As a little girl I was very vulnerable to what people told me or to whom people told me to be. I was always listening to what others told me and what they wanted me to be.
I always carried that vulnerability with me. It even shaped me to a point where I had no clue of whom I really was.
I was very indecisive and I wanted to be everything, everybody else was.
Until I fell, head first and I fell pretty hard.

“I had always neglected the author in me, simply because the woman told me I wasn’t good enough.
My sentences made no sense and my stories were all over the place. That kind of criticism was very hard for me. Writing helped me with my mental health issues when I was little kid
I started writing simply because of who I was, was never good enough. Just as the woman told me. So I’d decide to be somebody else.

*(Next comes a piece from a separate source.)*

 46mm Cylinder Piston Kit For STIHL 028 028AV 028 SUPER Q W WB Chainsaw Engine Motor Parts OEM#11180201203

Somebody I could never be, be always wished to be.
I had written my heart and soul on those papers.
But I never got the compliments I expected to get.

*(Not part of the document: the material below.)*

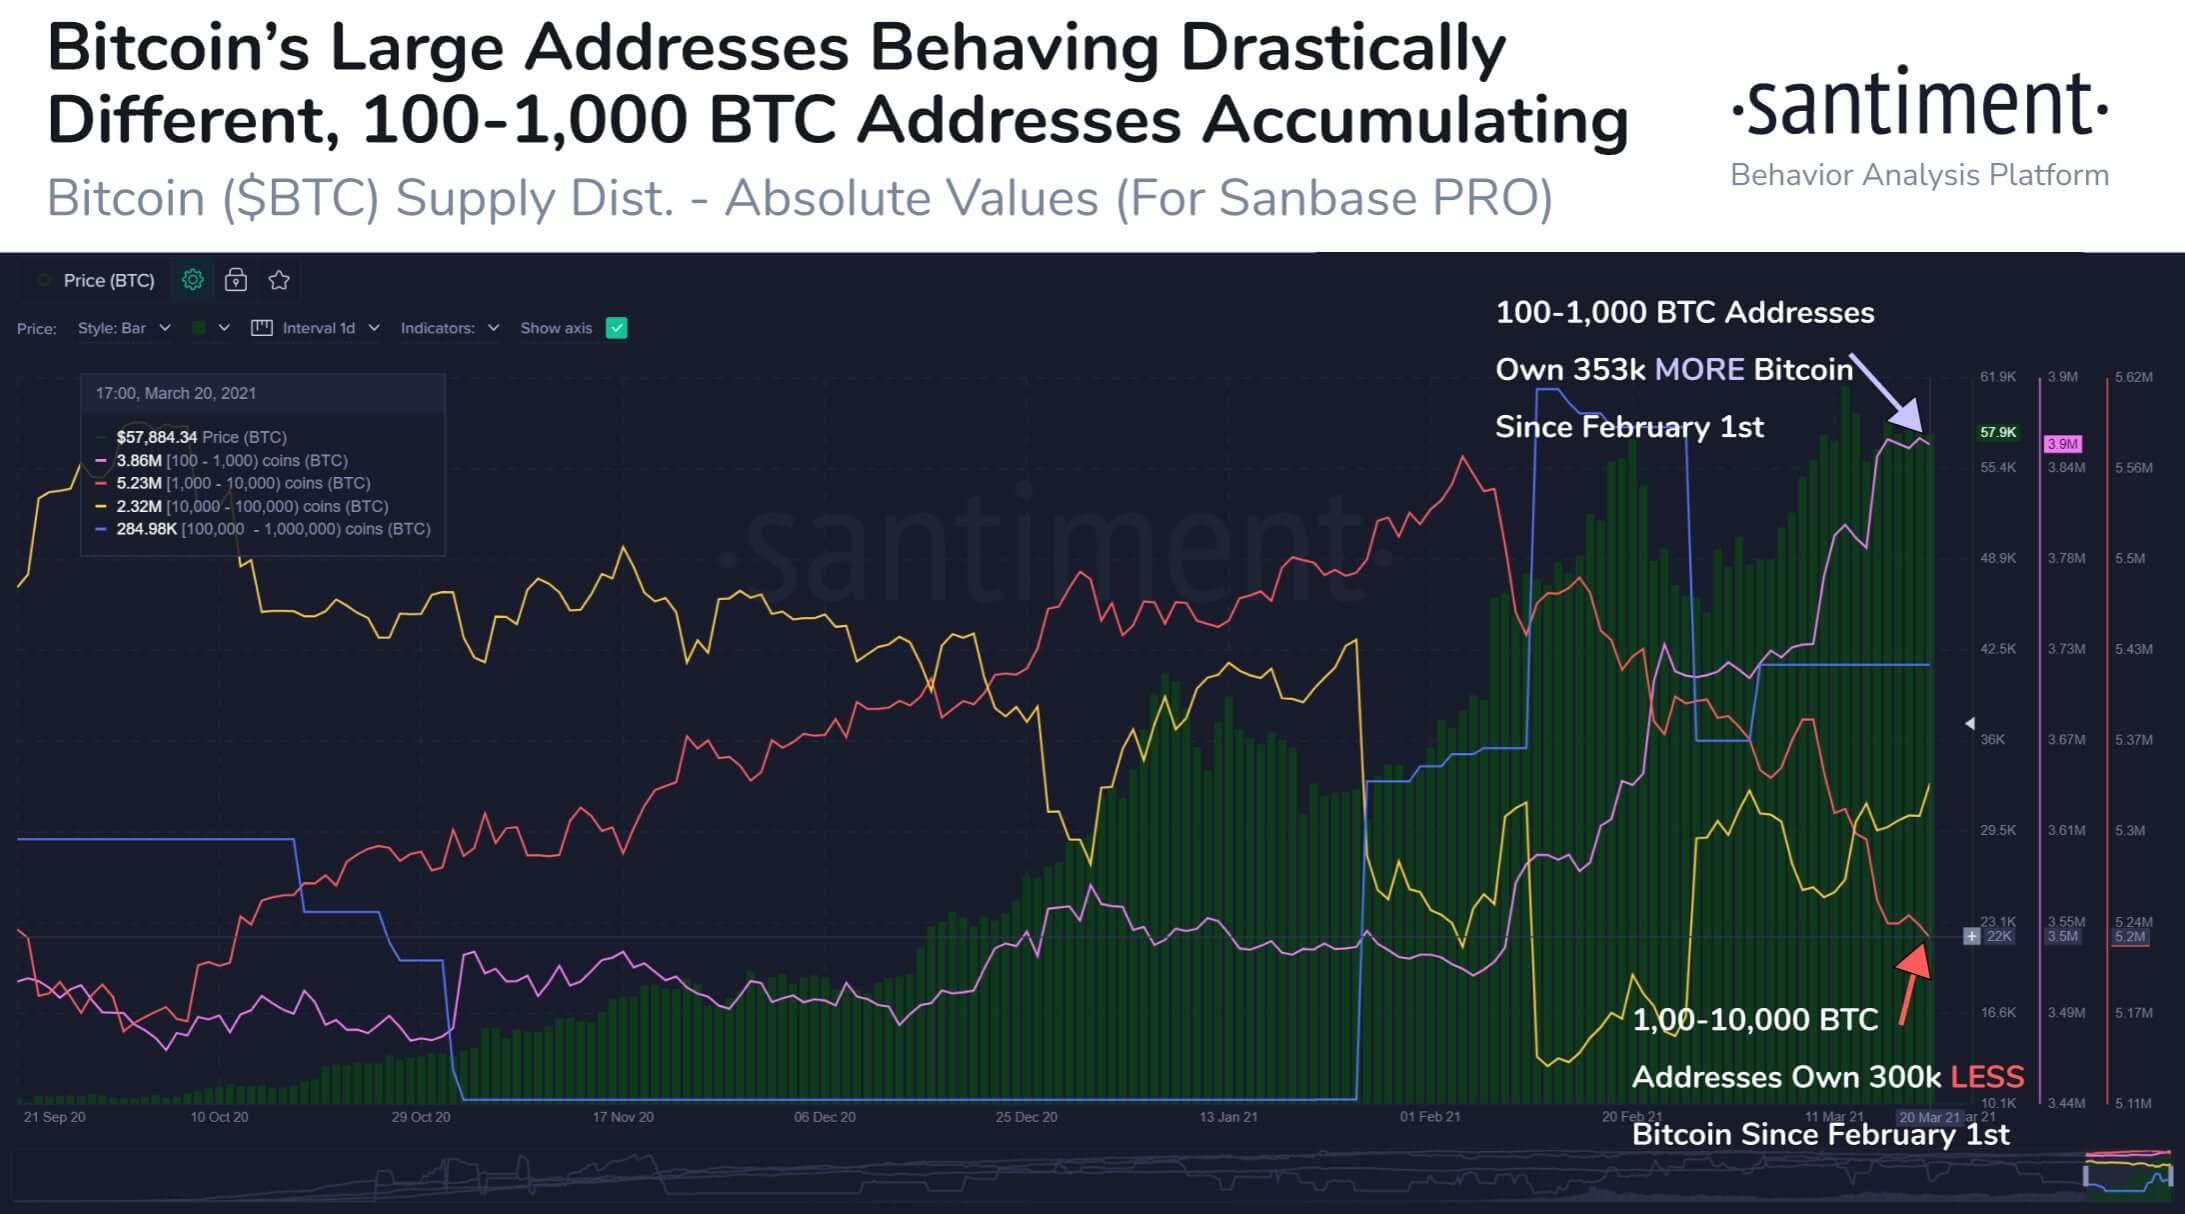 график криптовалюты трейдинг

She never told me I had some talent,
she never gave a compliment,
she never smiled at me,
She never told I was doing great.”

To cut a long story short…
The woman I was talking about was the woman in me, when I was nearly 14 years old.
My success will never be about a prize I won, or about doing something incredible as helping people in need;
My story is about to power to overcome the critic in me and the critics around me.
I’d finally learn how to let go of ‘I will never be good enough’
Simply because I learned that ‘being good’ or ‘being talented’ is defined by society.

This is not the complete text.